最近終了した中国の大学入試「高考(ガオカオ)」で、ある光景が話題になった。
受験生が試験会場の入口でメガネを外し、試験監督のチェックを受けていたのだ。
背景にあるのは「スマートグラス」の存在だ。見た目は普通のメガネだが、撮影や通信機能を備えた製品もあり、近年はAI機能を搭載した製品も登場している。そのため、当局は不正への悪用を警戒し、一部地域では、眼鏡そのものが検査対象になった。
さらに試験中はAI監視システムも導入された。周囲を何度も見回す、隣の答案をのぞき込む、ひそひそ話をするといった行動を自動で検知し、不審な動きがあれば監督員に通知するという。
日本では、せいぜい携帯電話の電源を切り、かばんにしまうよう求められる程度だが、中国ではスマートフォンやスマートウォッチ、スマートグラスなどを会場へ持ち込んだだけで不正行為と判断される。使っていなくても全科目の成績が無効になる場合がある。

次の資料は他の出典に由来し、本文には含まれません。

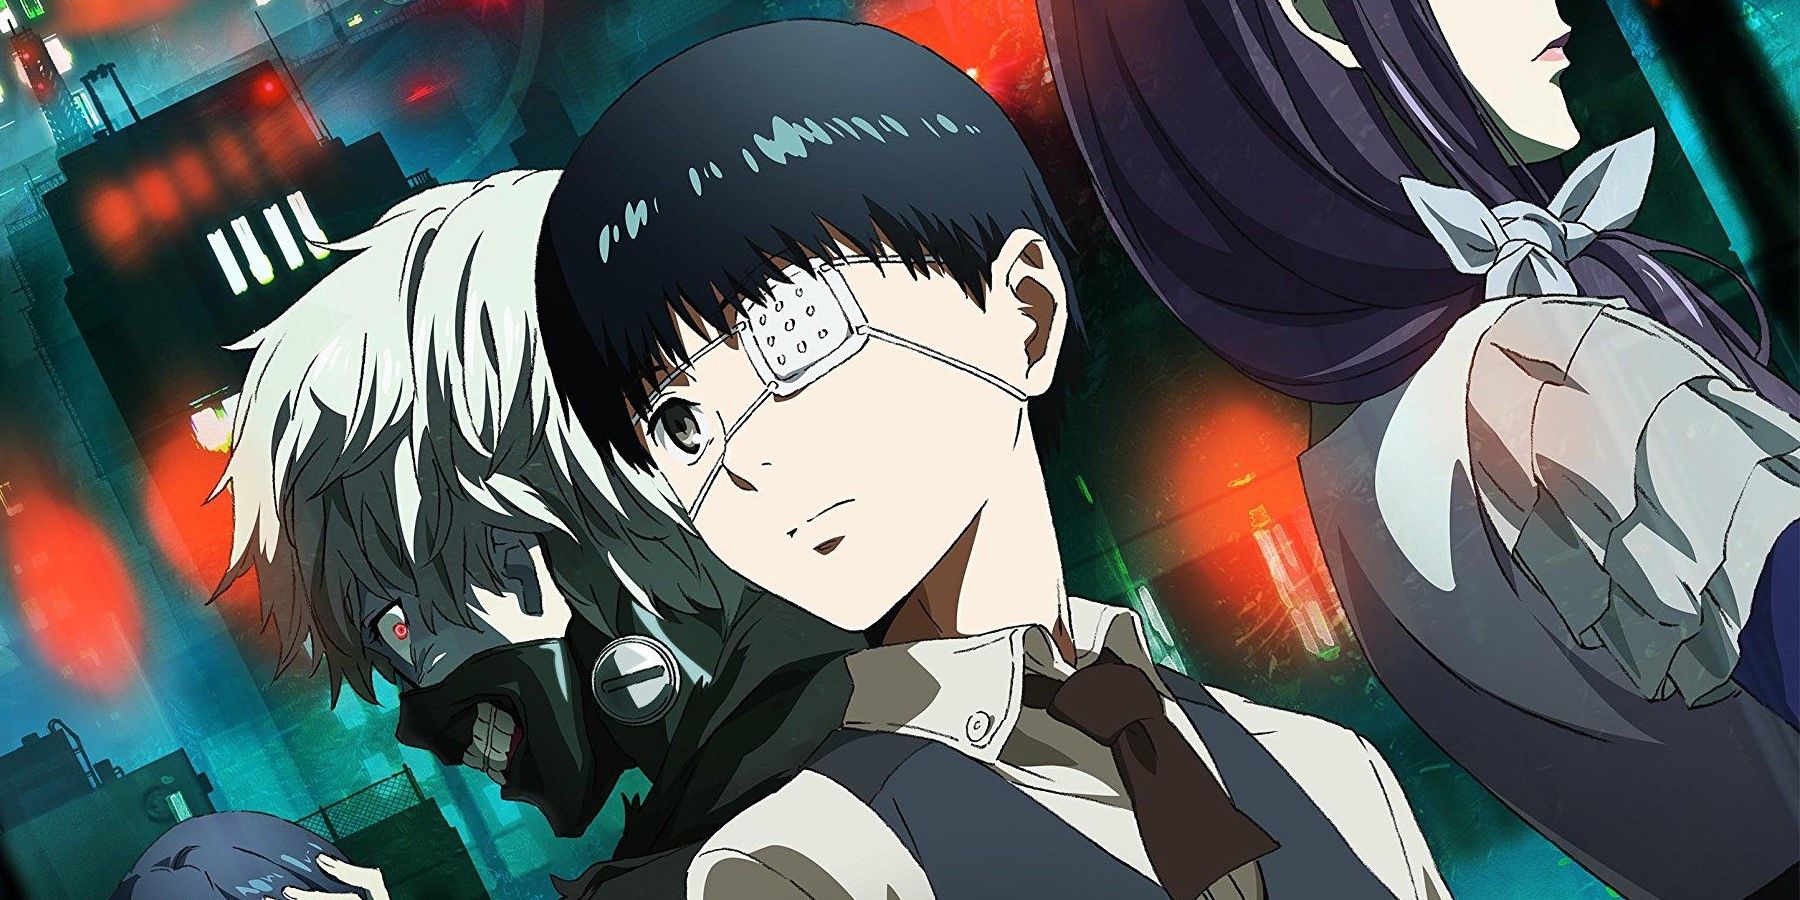 Is Kaneki weak in the anime Tokyo Ghoul? - Quora
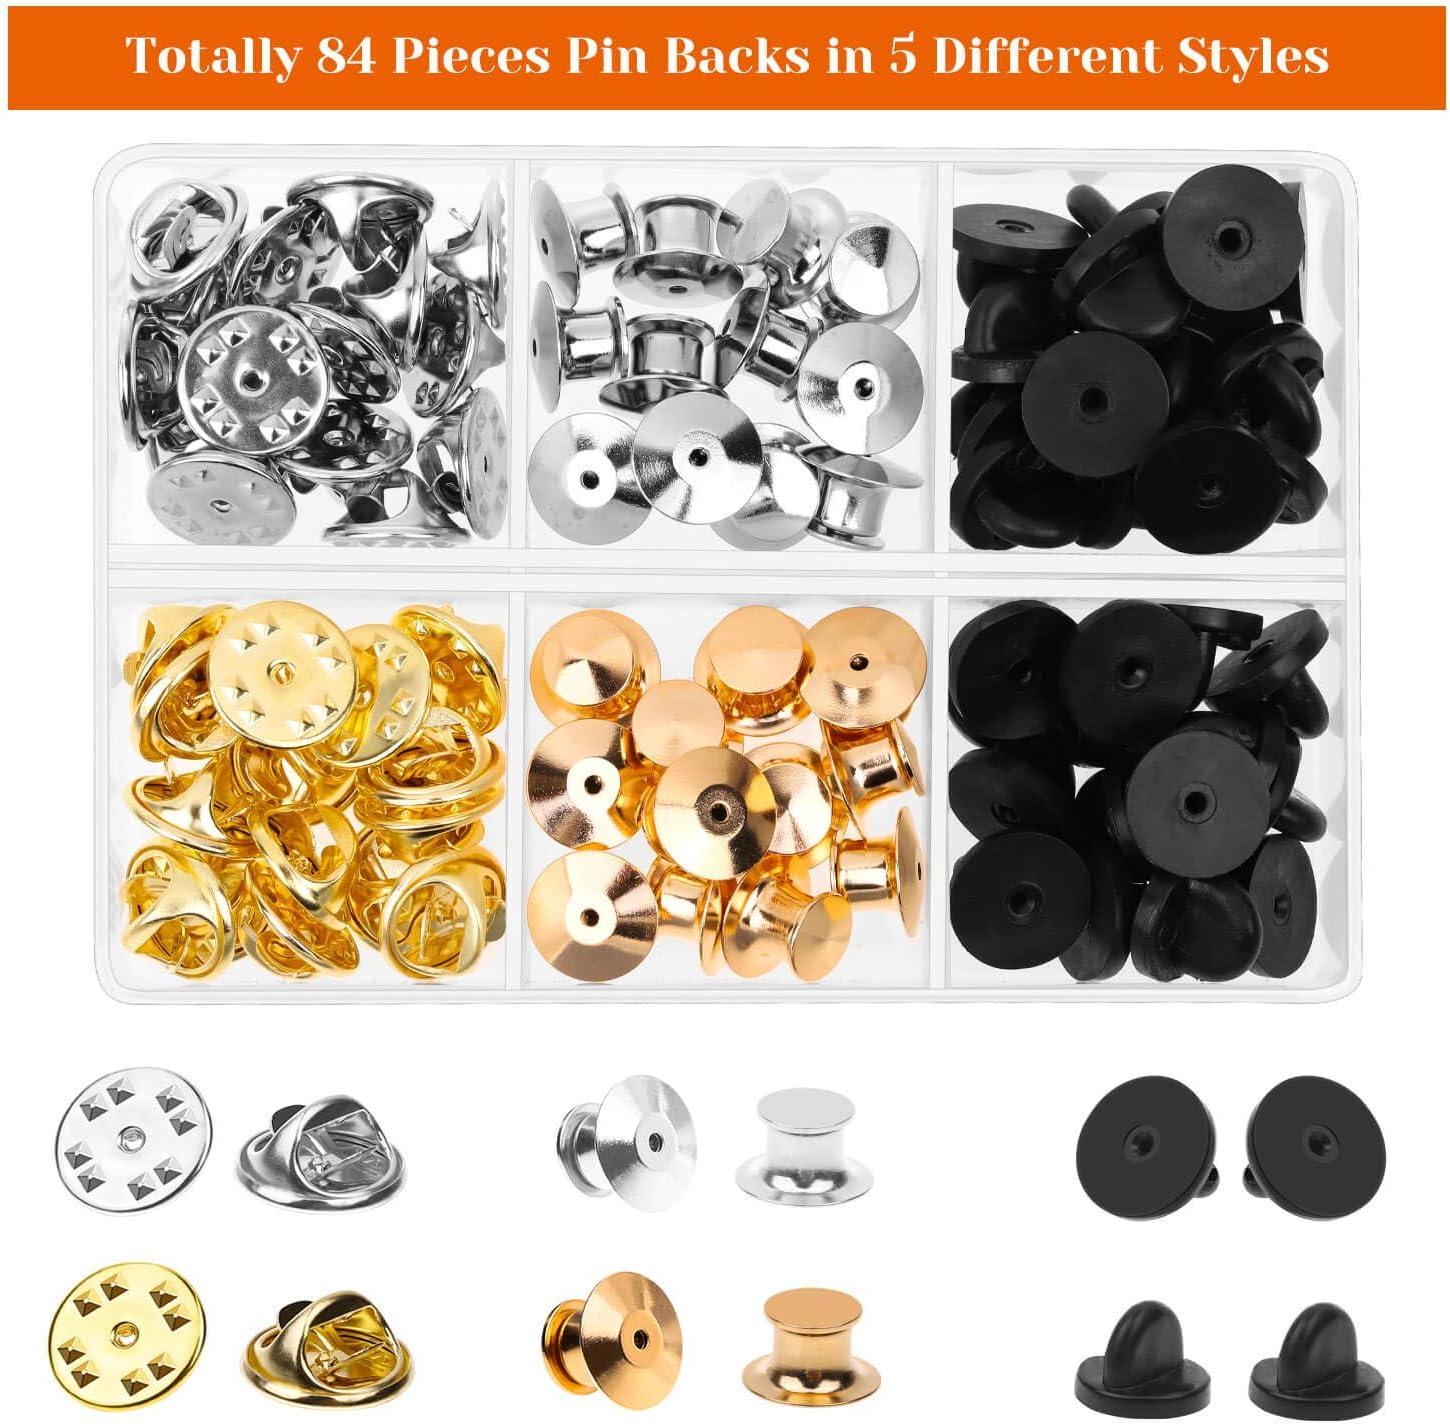 30/50 Pieces Pin Backs, Locking Pin Backs for Enamel Pins, Metal

かつて試験で問題になったのはカンニングペーパーや携帯電話だった。現在はスマートウォッチやスマートグラスなど、身に着ける電子機器全般へと警戒の対象が広がっている。
中国では毎年1千万人を超える若者が「高考」に挑む。進学や就職、その後の人生にも大きな影響を与えるとされるだけに、不正対策は年々厳しくなっている。
「眼鏡を外してください」
かつて試験会場で警戒されたのはカンニングペーパーだった。いまは眼鏡である。
これがAI時代の新たな受験事情だ。技術の進歩とともに、不正対策もまた新しい段階に入っている。